* The problem: Only the lines in the entries below from the line with "calendario 2022 mensile 3 colonne" to the line with "16 best bedroom", both included, belong in the answer, transcribed exactly and without pictures.

* Supplied records:
↓

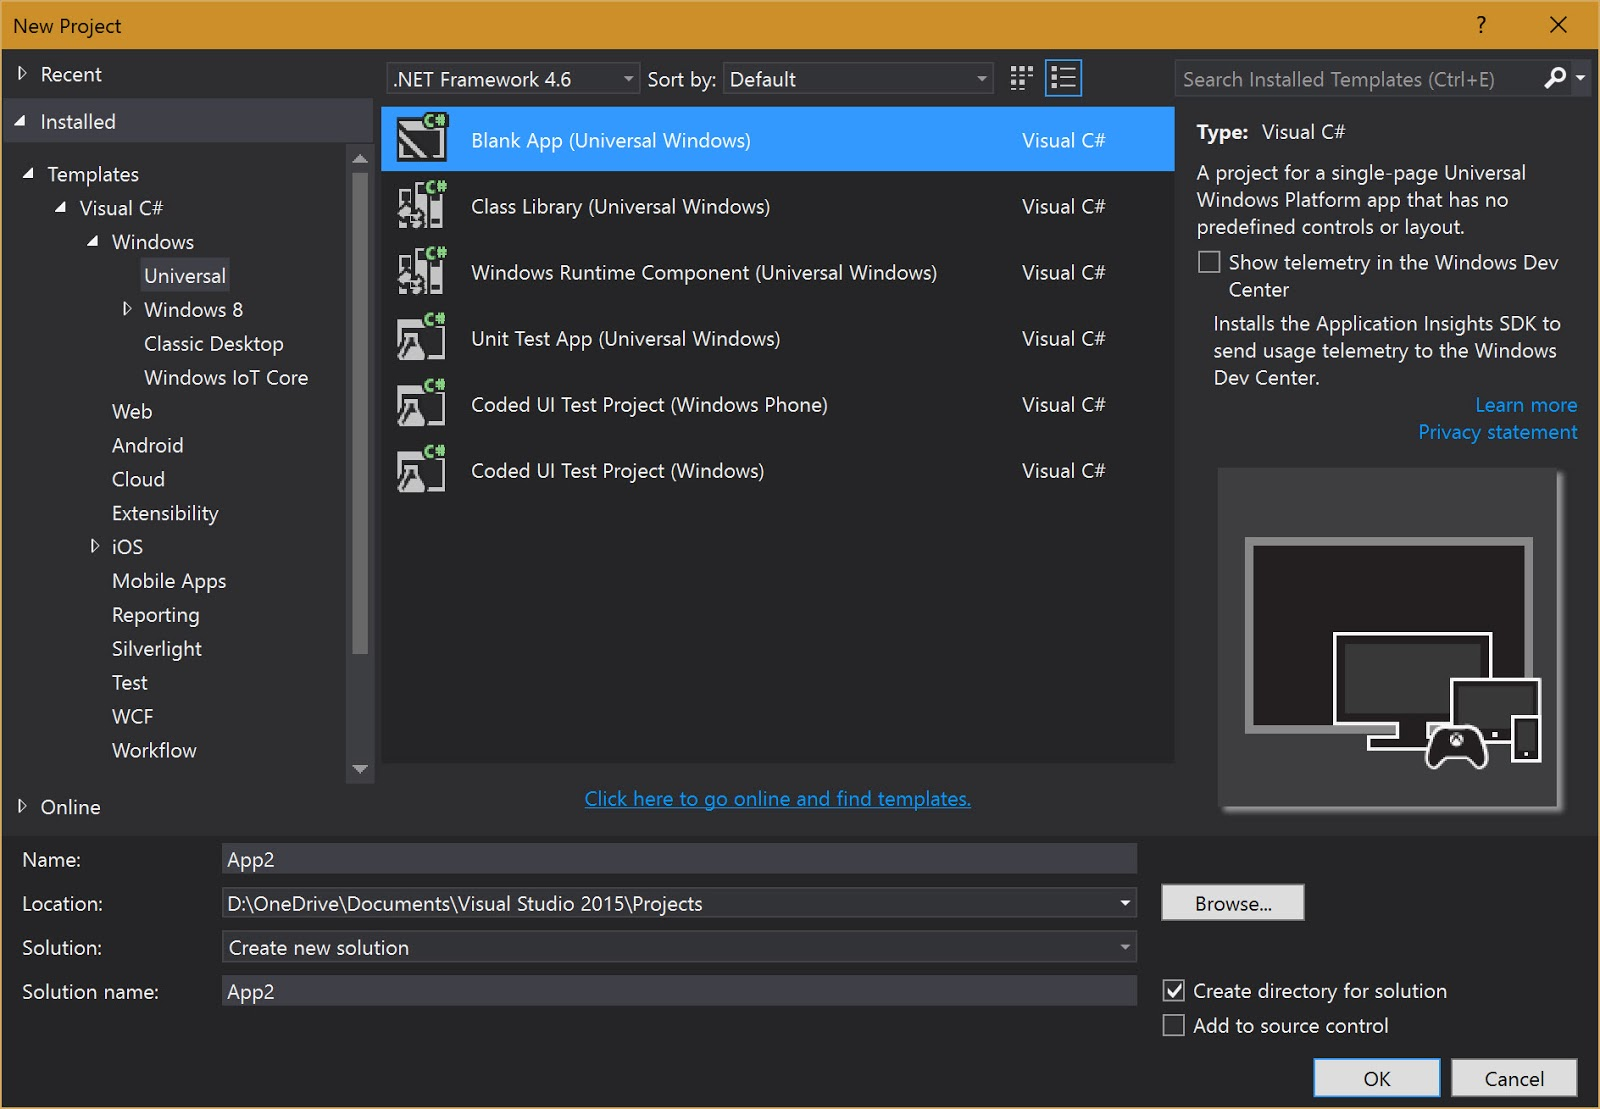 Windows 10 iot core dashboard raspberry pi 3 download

↑
↓

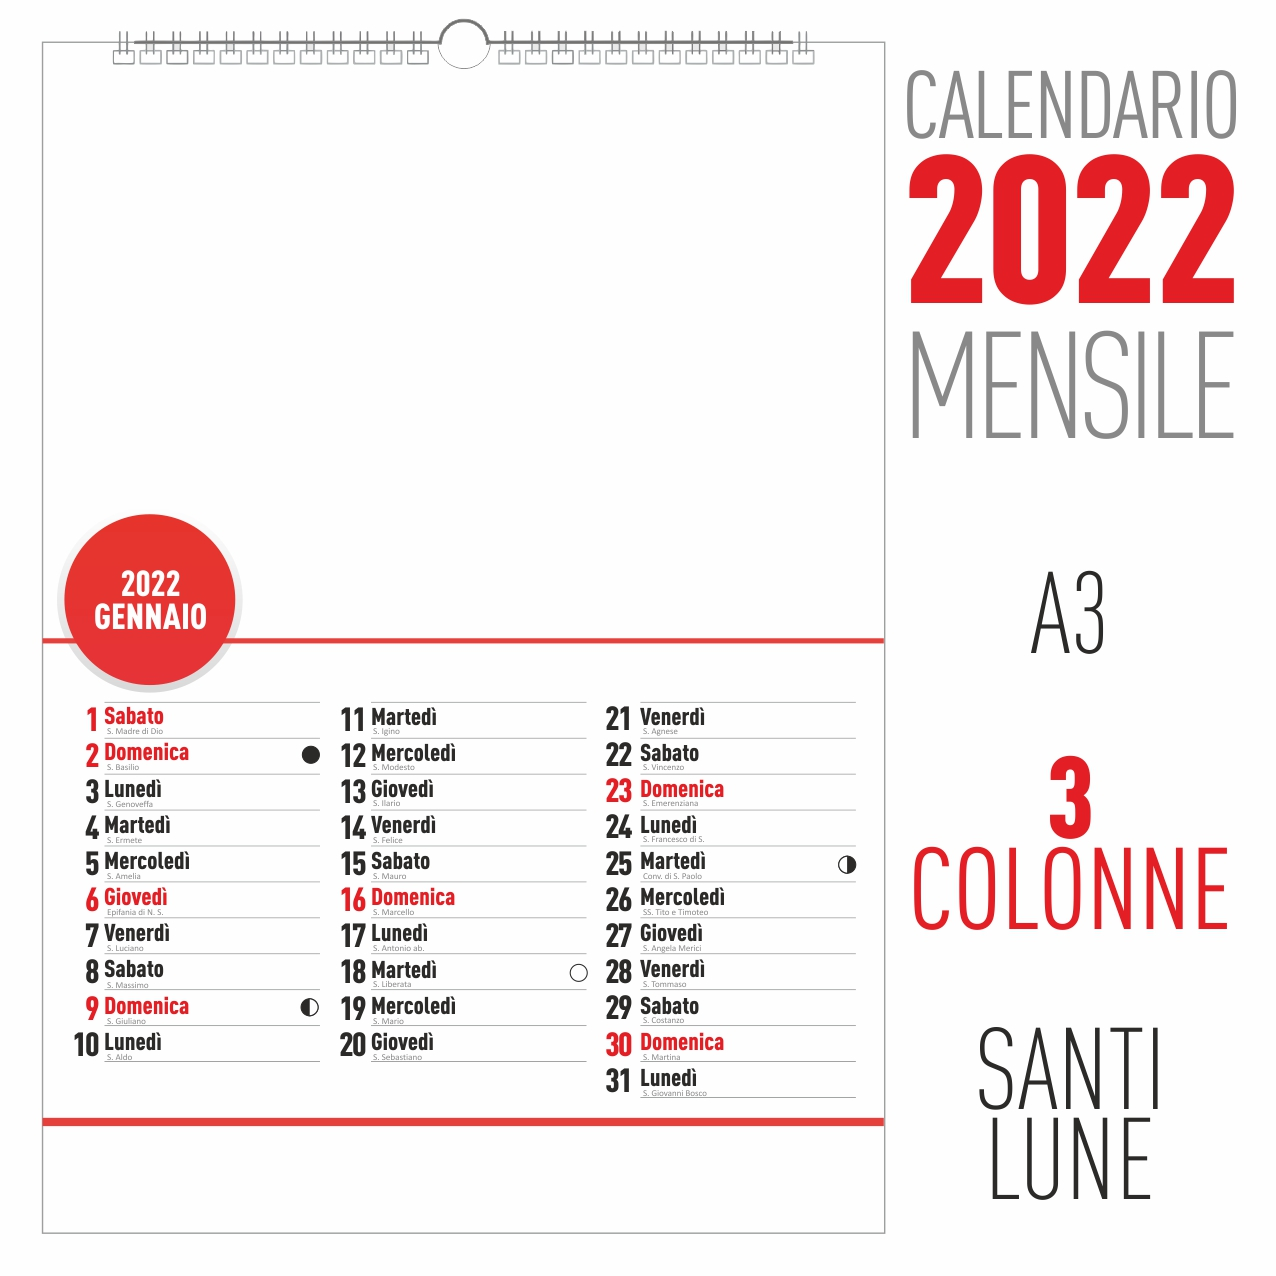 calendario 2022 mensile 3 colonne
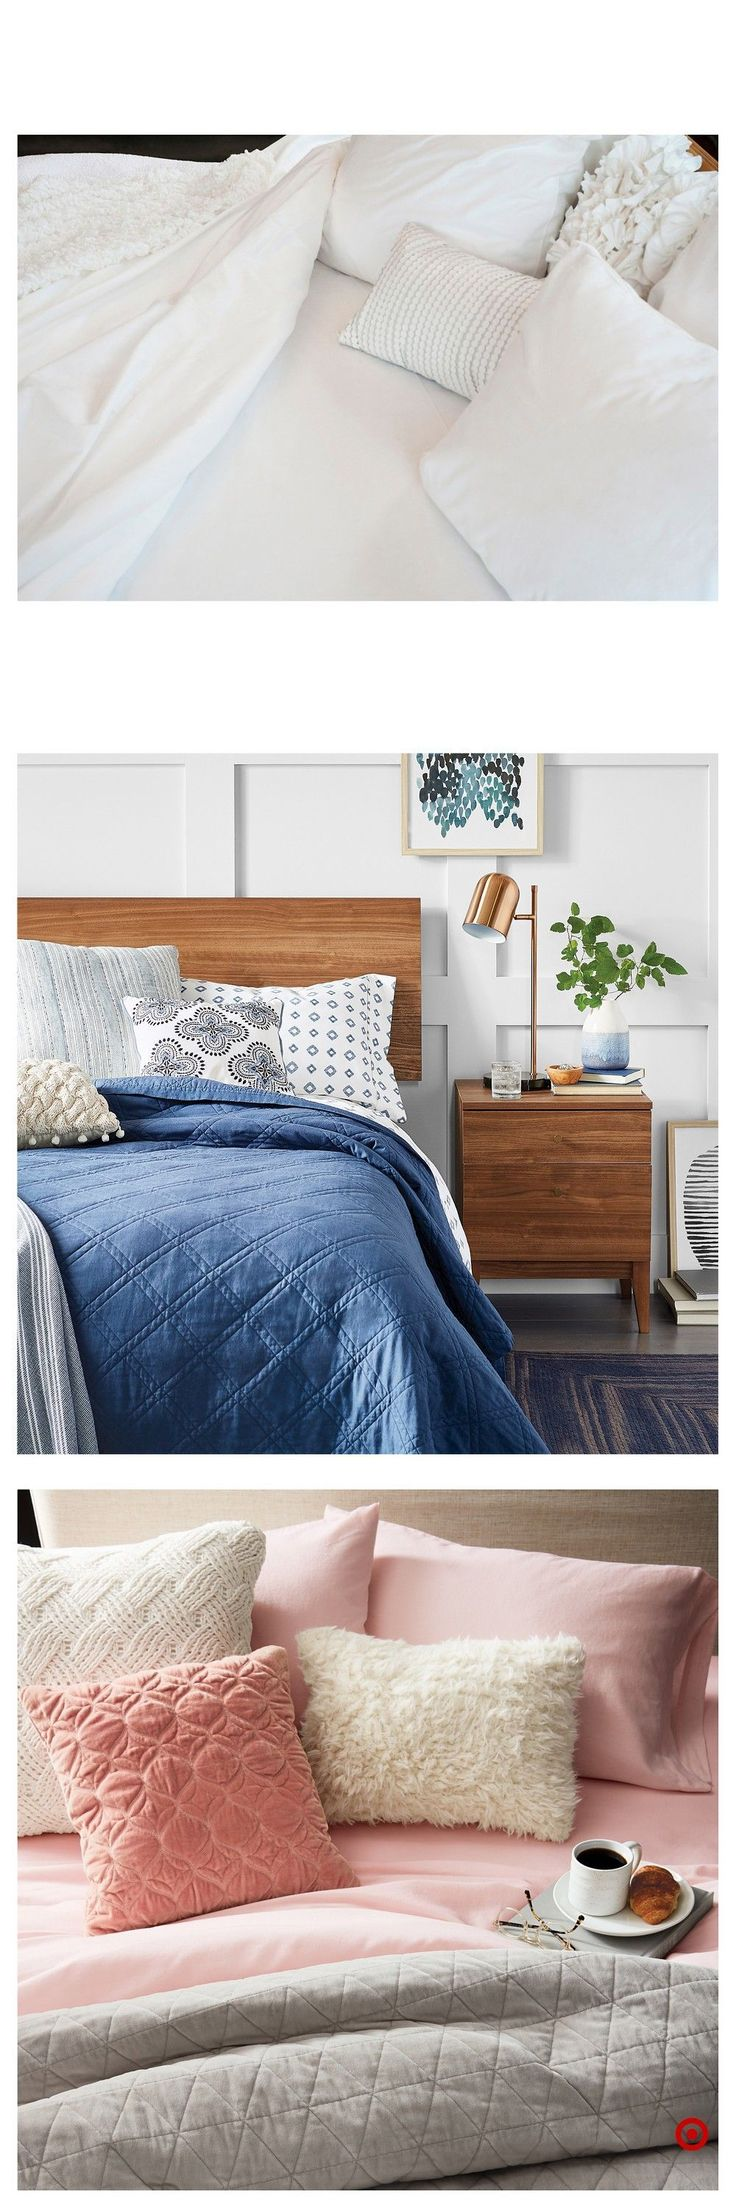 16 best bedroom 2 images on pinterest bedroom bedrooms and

↑

* Output of the task:
 calendario 2022 mensile 3 colonne
 16 best bedroom 2 images on pinterest bedroom bedrooms and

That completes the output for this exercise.